Дикие ночи - Коллар Сирил. Страница 25
Лора говорит каким-то странным фальцетом, тоном маленькой девочки:
— Алло, алло, это Кароль, алло… алло, послушай, мне хочется взять тебя в рот… алло… ха-ха-ха!., алло, алло… (Конец.)
— Алло, алло, играем на вашу жизнь… Ваша судьба в ваших собственных руках, дорогой мой… Слушай, у тебя есть выбор: ты выиграешь либо жизнь, либо ад, пропасть, смерть, они перед тобой, ты их уже сейчас видишь перед собой… Могу сказать, что смерть отметила своей печатью твое лицо, так что давай, действуй быстро, а то я очень боюсь, просто ужасно боюсь, и не думай, что это шантаж, я действительно читаю смерть в чертах твоего лица, я вижу… Я объясню тебе все о тебе самом, потому что ты мне небезразличен, за твоим падением последует мое собственное… (Конец.)

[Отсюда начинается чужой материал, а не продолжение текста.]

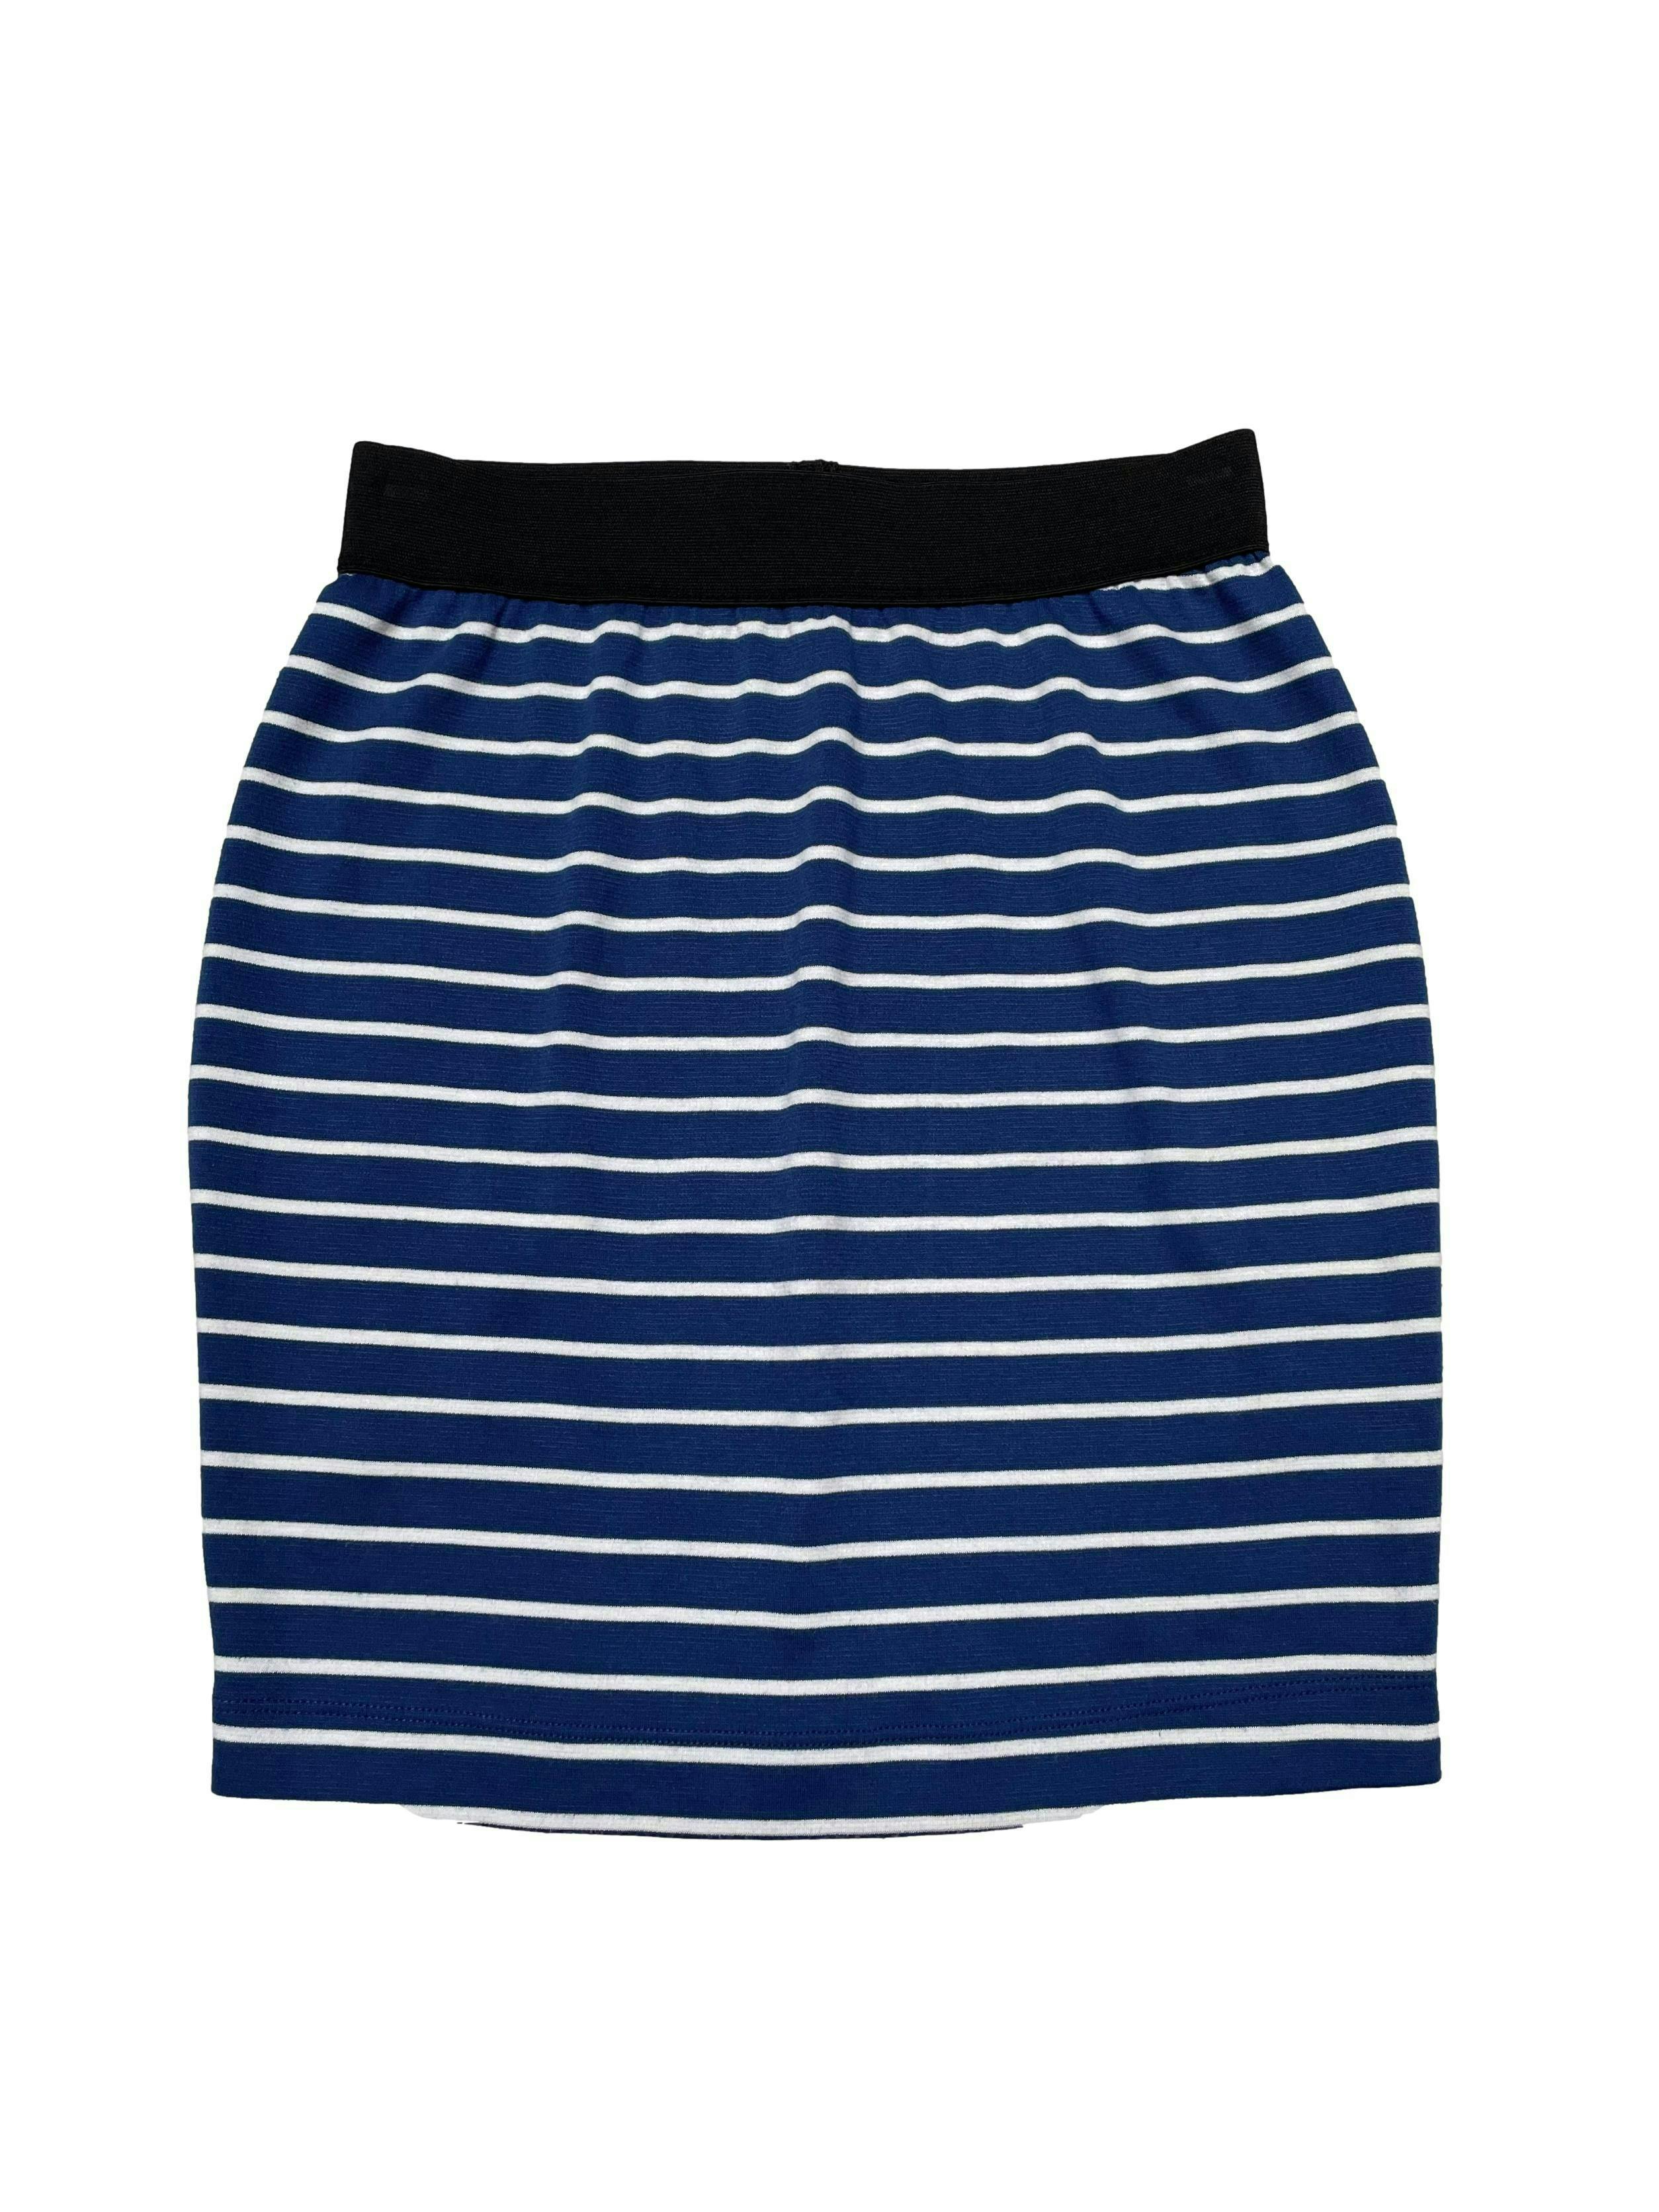 Falda 15.50 pretina elástica negra, falda a rayas azules y blancas tipo algodón stretch. Cintura 66cm sin estirar Largo 45cm
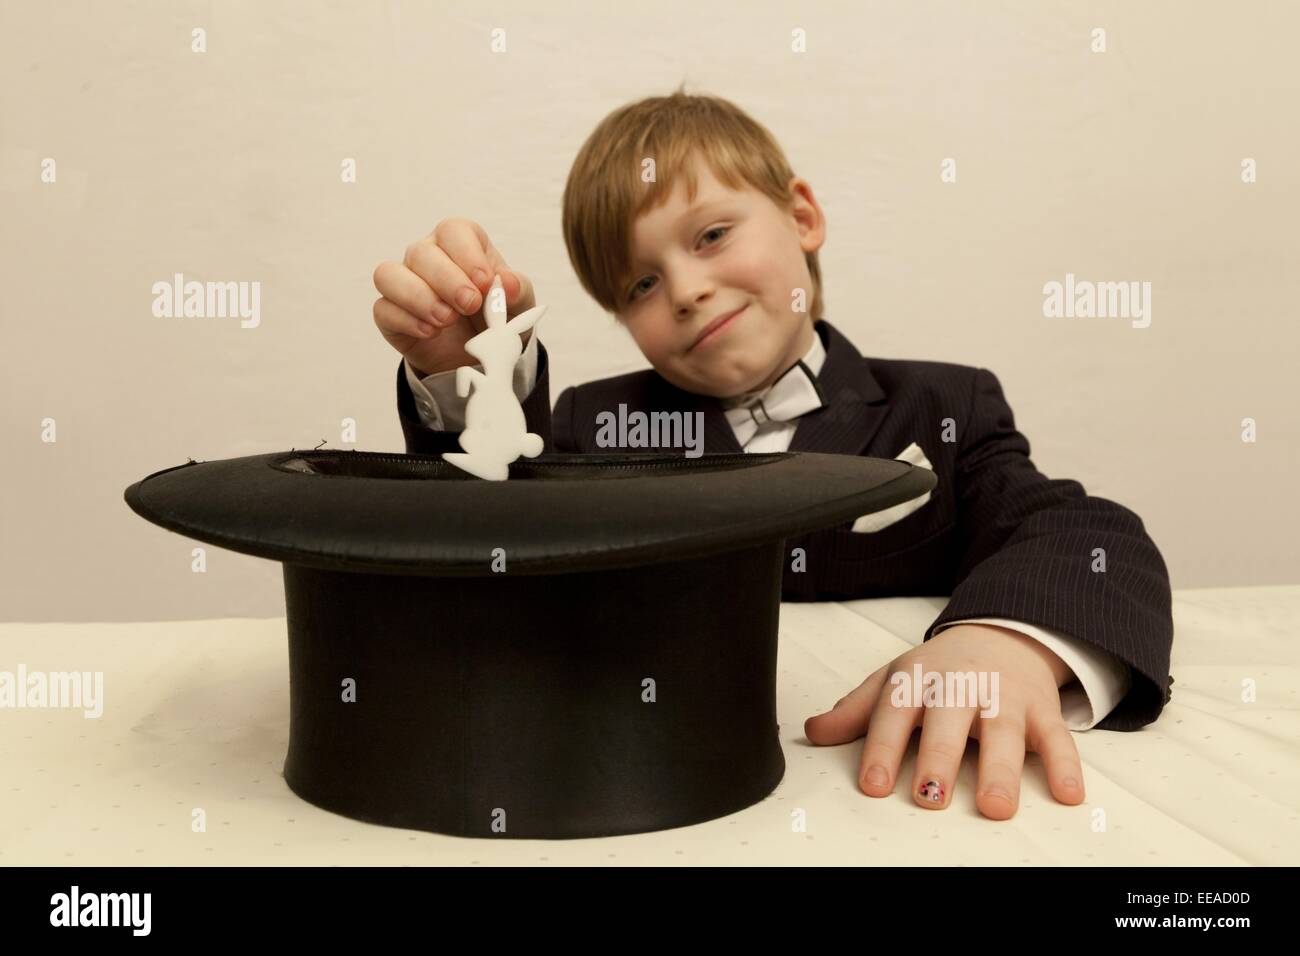 Jeune garçon habillé en magicien tirant un lapin de son chapeau haut de forme Banque D'Images

После одурманенной, наркотической ночи эти телефонные послания тоже своего рода наркотик: слова летят над городом, из одного округа в другой, резкий тон в конце каждого сообщения, угрозы. А вдруг Лора права? Она ведь осмеливается говорить то, что не решался сказать мне никто. Друзья меня обхаживают, подбадривают; она же видит мои слабости и «выхаркивает» их мне в лицо. Я предал ее; она поверила в любовь, первую любовь в своей жизни, я же искал только искупления, нескольких мгновений покоя и безопасности.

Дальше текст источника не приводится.